- Type: Medal
- Date: April 20, 2006
- Country: Azerbaijan
- Reward(s): Ministry of Internal Affairs (Azerbaijan)
- Status: Active

= Veteran of Police Medal (Azerbaijan) =

The Veteran of Police Medal is a state award (medal) of Azerbaijan. It was established in April 20, 2006.

== Description ==
The "Police Veteran" medal is made of bronze. It has an outer diameter of 32 mm, and the shape of an eight-pointed star with silver embossing. Inside the middle circle, the emblem of the internal affairs bodies is depicted. The inscription "Veteran police" is written along the upper arc, with a wreath of oak leaves carved along the lower semicircle. Convex rays starting from the center are depicted inside the circle above the horizontal diameter.

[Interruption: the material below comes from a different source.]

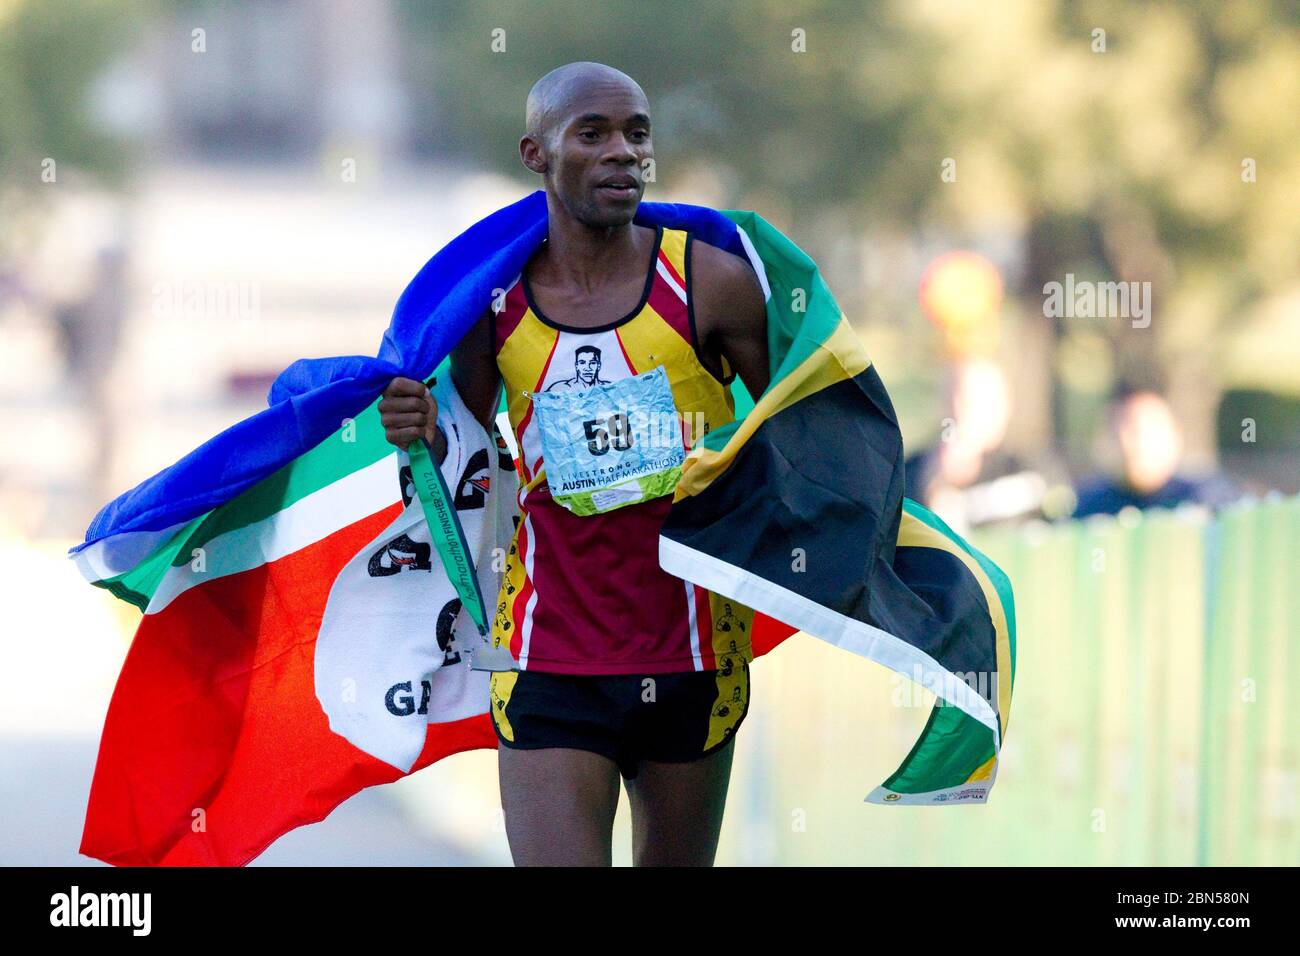 Austin, Texas USA, February 19, 2012: Siyabonga Nkonde of Durban, South Africa wins the men's half marathon at the 22nd annual Austin Marathon and Half Marathon. ©Bob Daemmrich Stock Photo
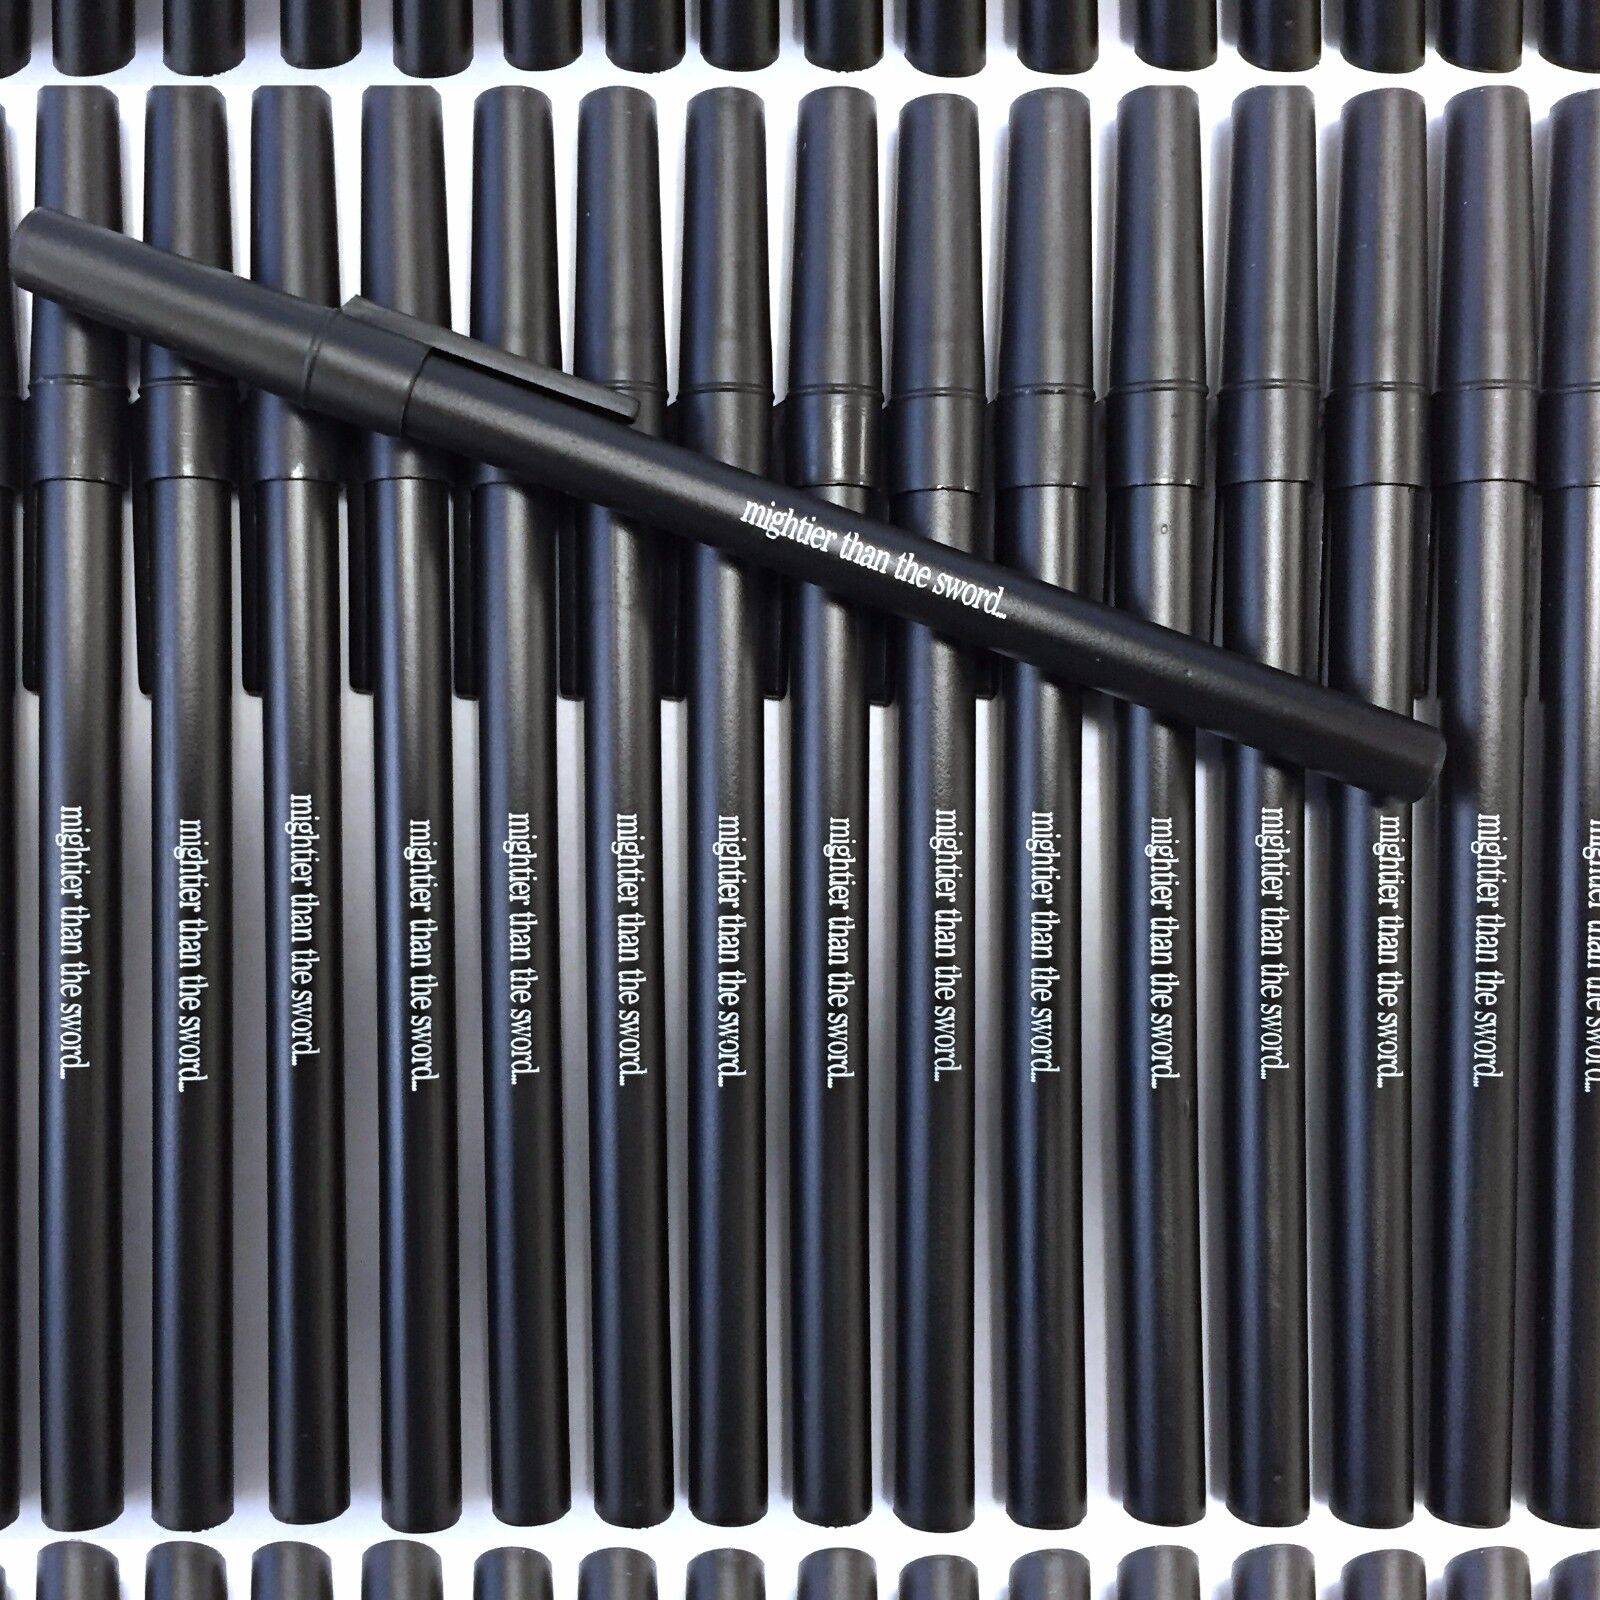 Misprint Pens 300 pc Ball Point Ink Wholesale Lot Bic Round Stic Style Black Cap

The reverse side of the medal has a smooth surface, and the words "Azerbaijan" are engraved along the upper arc, "Republic" along the lower arc, and the outline of the Republic of Azerbaijan is engraved in the center.

The medal is attached to a silver metal plate measuring 20 mm x 42 mm, with a ring and an element that allows it to be attached to clothing via the ring. The front panel consists of two parts. The upper part is covered with a black stripe divided into blue, red and green vertical stripes of equal width corresponding to the colors of the flag of the Republic of Azerbaijan.

In the center of the lower part of the plate, a crescent and an eight-pointed star are depicted, from which the rays flow from the center to the edges. The length of the upper part of the board is 32 mm at the edges and 34 mm in the middle, and the length of the lower part is 10 mm at the edges and 8 mm in the middle.

The medal is fitted with a 20mm x 10mm die containing an element for attachment to clothing, made of metal and covered with the same black ribbon.